I saw a talk a few months ago from Kevin Anderson which turned the usual climate change conspiracy theory on its head. You can watch a video of an almost identical talk Anderson gave at the University of Bristol last year (there’s also a pdf transcript there). He suggested many scientists and policy-makers routine underplay their public statements on climate change; doing what many sceptics accuse them of, but in reverse. The 2 degree target so often referred to in climate policy discussions is not consistent with science, he argued, and scientists should be standing up and saying so. Anderson isn’t suggesting that scientists sat secretly planning to keep people in the dark, all in the pay of [insert your own bogeyman] (he did apply the Chatham House rule at one point, but I wouldn’t read too much into that, sometimes bits of secrecy is necessary as part of the course of opening up truths). More simply, his point is that forms of understatement have become an unchallenged part of the course for much discourse on climate targets.

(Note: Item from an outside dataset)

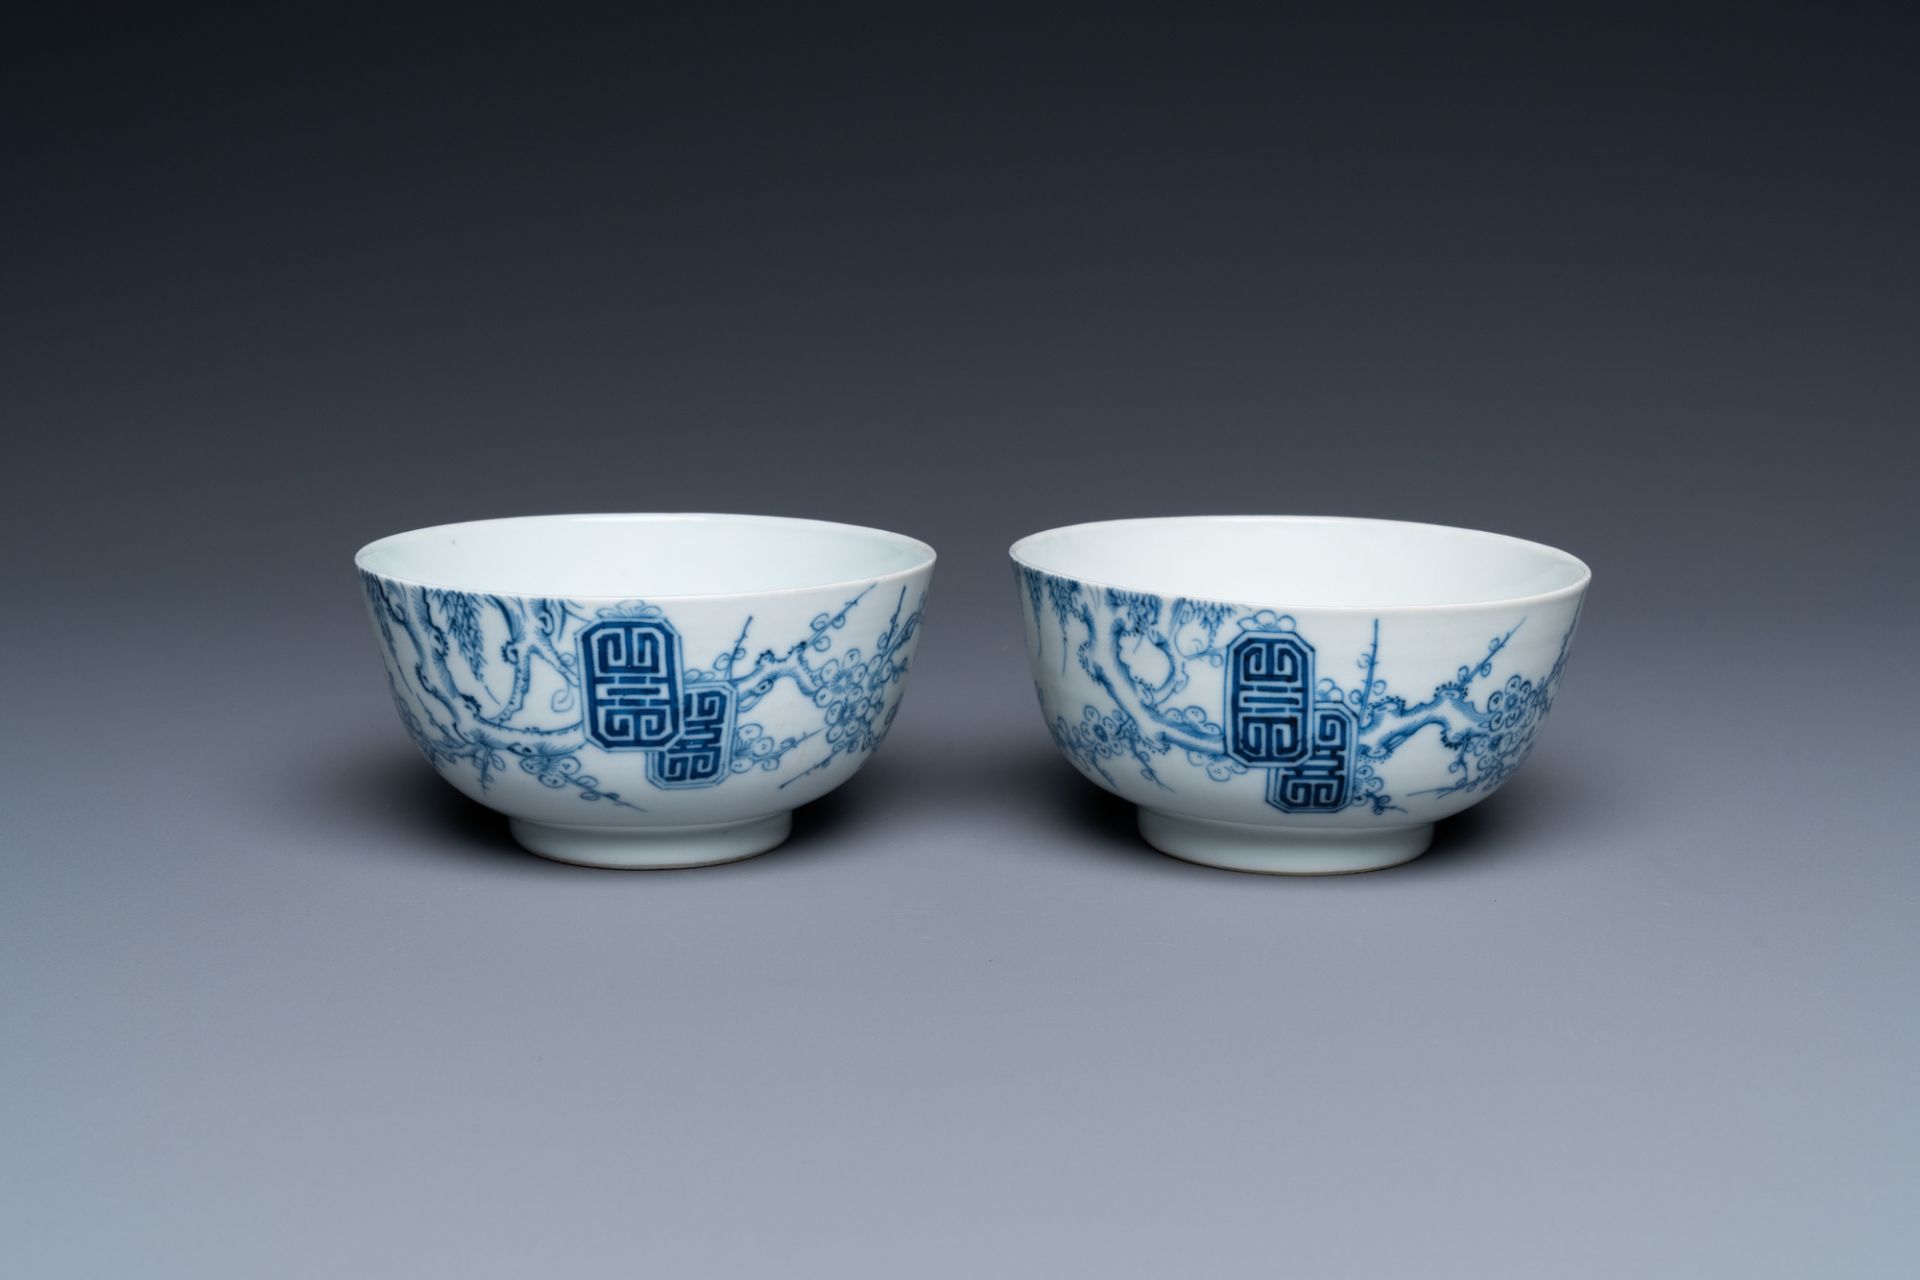 A pair of Chinese 'Bleu de Hue' bowls for the Vietnamese market, 'Roushen collection' mark, 19th C. - Image 2 of 8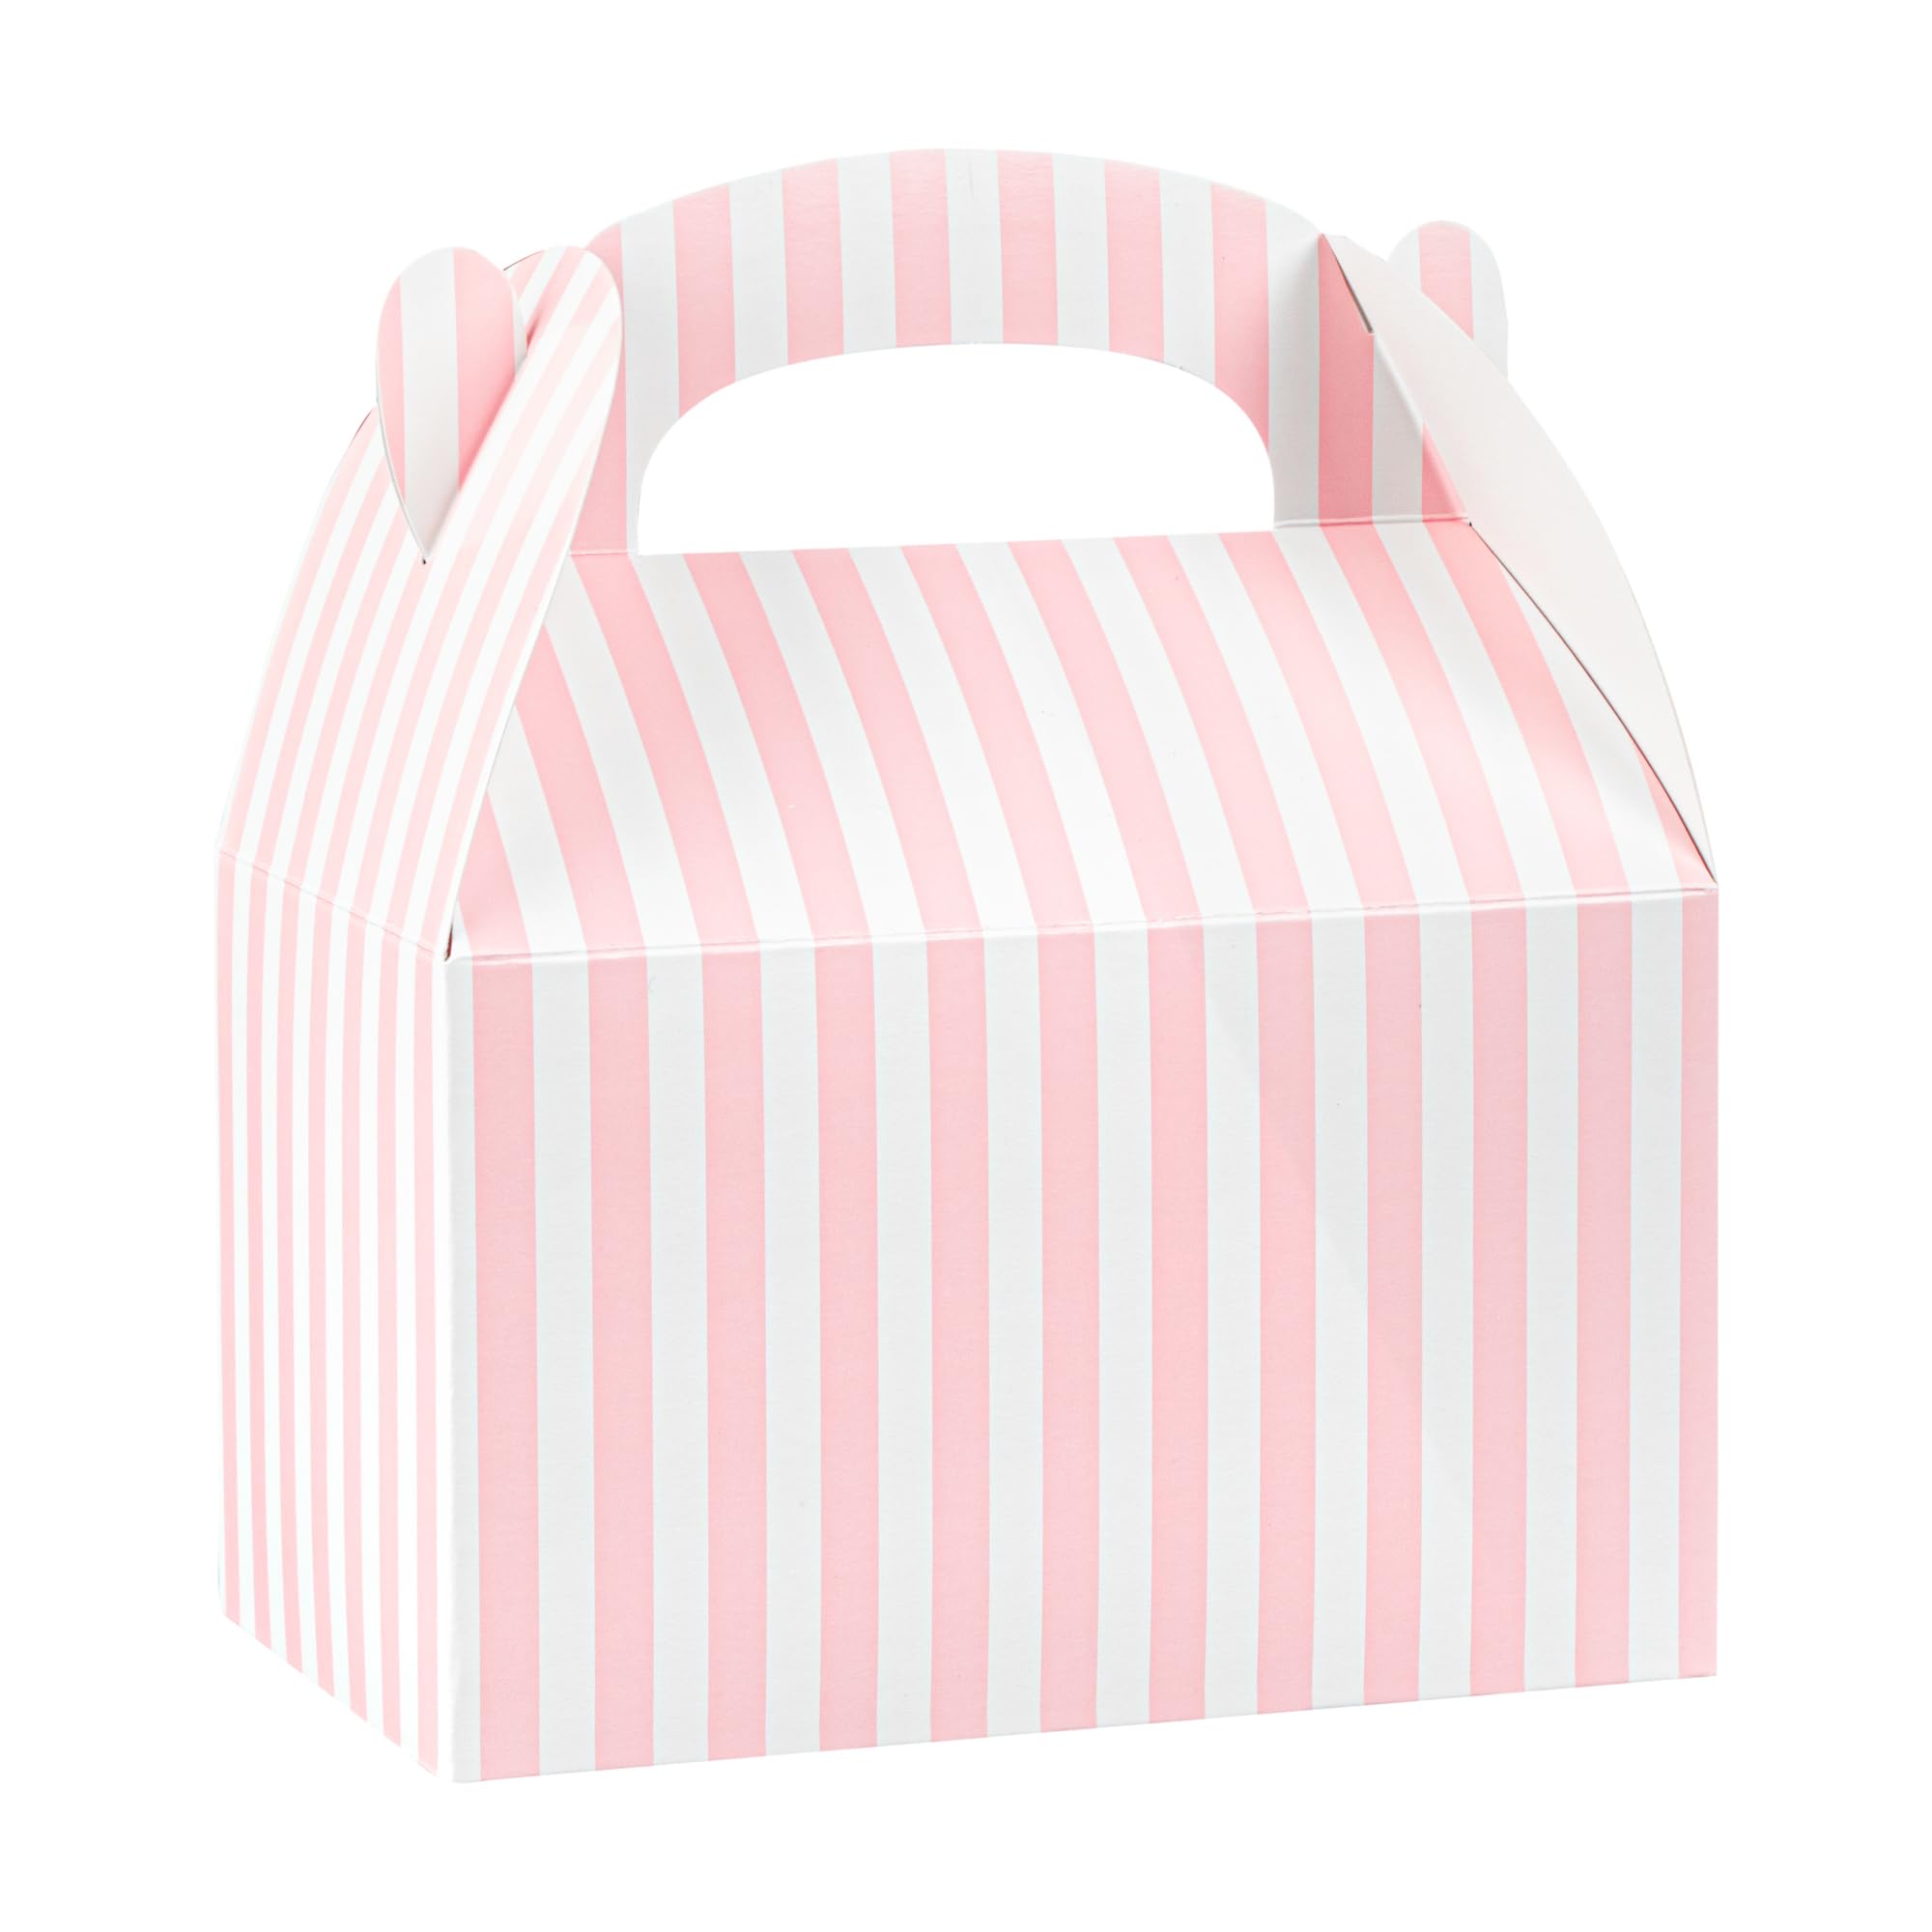 Bio Tek 6 x 3.5 x 3.5 Inch Gable Boxes For Party Favors, 25 Durable Gift Treat Boxes - Striped Design, With Built-In Handle, Pink And White Paper Barn Boxes, Disposable, For Parties - Restaurantware

Anderson’s no crank. I trust him. But that doesn’t mean I simply believe him. I also trust many of the people he is complaining about too. And so I doubt him and them. I’m confused. I think this a pretty normal state of affairs to be in. But it’s disorientating too.
Doubt is a powerful thing, whoever casts it or why, especially in complex societies like ours which run on large amounts of trust. Sociologists talk about “civil inattention” as a way in which we “do modernity”; simply bracket off and ignore interacting with large parts of our lives just to get on with them. This can quickly unravel at times of crisis though. We trusted, for example, that food labeled beef came from cows, not horses, until that particular scandal broke. Most of us probably didn’t bother to even think that that there were institutions put in place that regularly check that the food we eat is what it says it is, or that such bodies had been struggling with threats of cuts, or that we’ve been doing this kind of gradually more institutionalised checking of the validity of food for hundreds of years. We had other things to worry about. We can see similar patterns of the breaking down of trust with BSE, libor and a host of other topics we’ve relied on technical expertise and found it wanting.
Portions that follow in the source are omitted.